Angiogenesis and Disease.

The invention provides a method for treating diseases and processes that are mediated by angiogenesis. The term "angiogenesis" means the generation of new blood vessels into a tissue or organ. Under normal physiological conditions, humans or animals undergo angiogenesis only in very specific restricted situations. For example, angiogenesis is normally observed in wound healing, fetal and embryonal development, and formation of the corpus luteum, endometrium and placenta. The term "endothelium" means a thin layer of flat epithelial cells that lines serous cavities, lymph vessels, and blood vessels.

Both controlled and uncontrolled angiogenesis are thought to proceed in a similar manner. Endothelial cells and pericytes, surrounded by a basement membrane, form capillary blood vessels. Angiogenesis begins with the erosion of the basement membrane by enzymes released by endothelial cells and leukocytes.

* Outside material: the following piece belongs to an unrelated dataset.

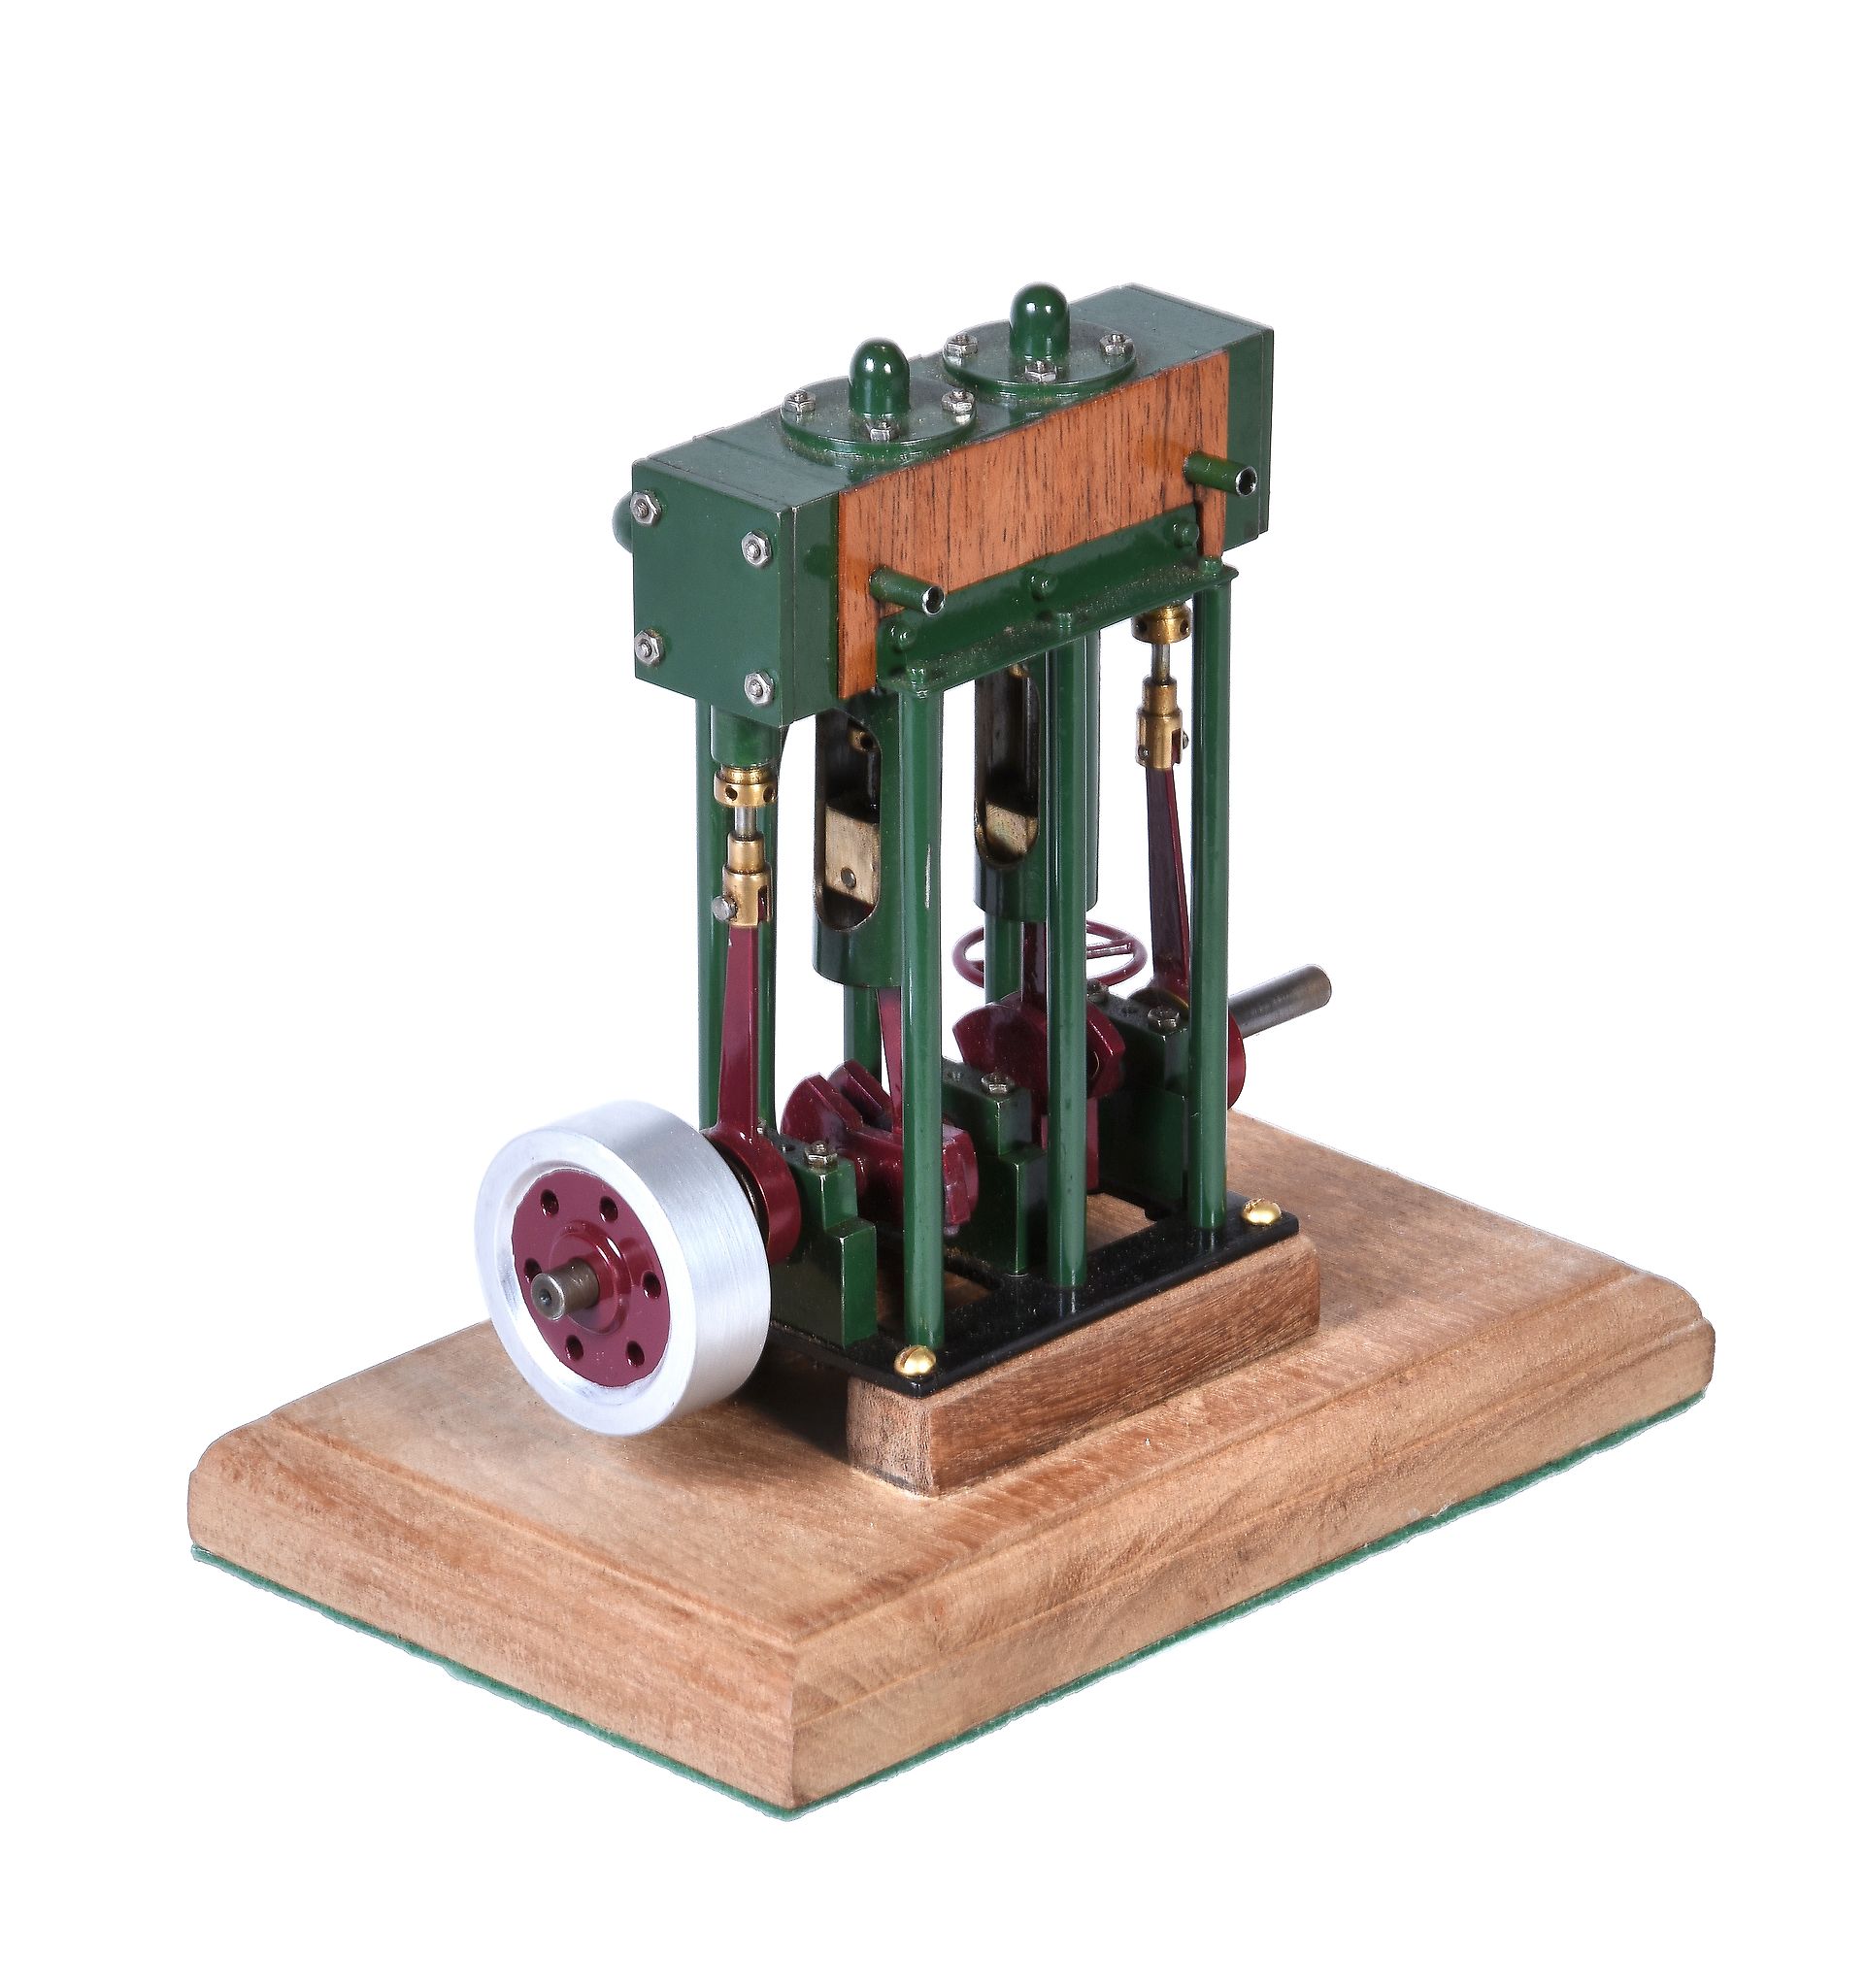 A small live steam twin simple vertical marine engine, built to the drawings by Rudy Kouhoupt with

The endothelial cells, which line the lumen of blood vessels, then protrude through the basement membrane. Angiogenic stimulants induce the endothelial cells to migrate through the eroded basement membrane. The migrating cells form a "sprout" off the parent blood vessel, where the endothelial cells undergo mitosis and proliferate. The endothelial sprouts merge with each other to form capillary loops, creating the new blood vessel.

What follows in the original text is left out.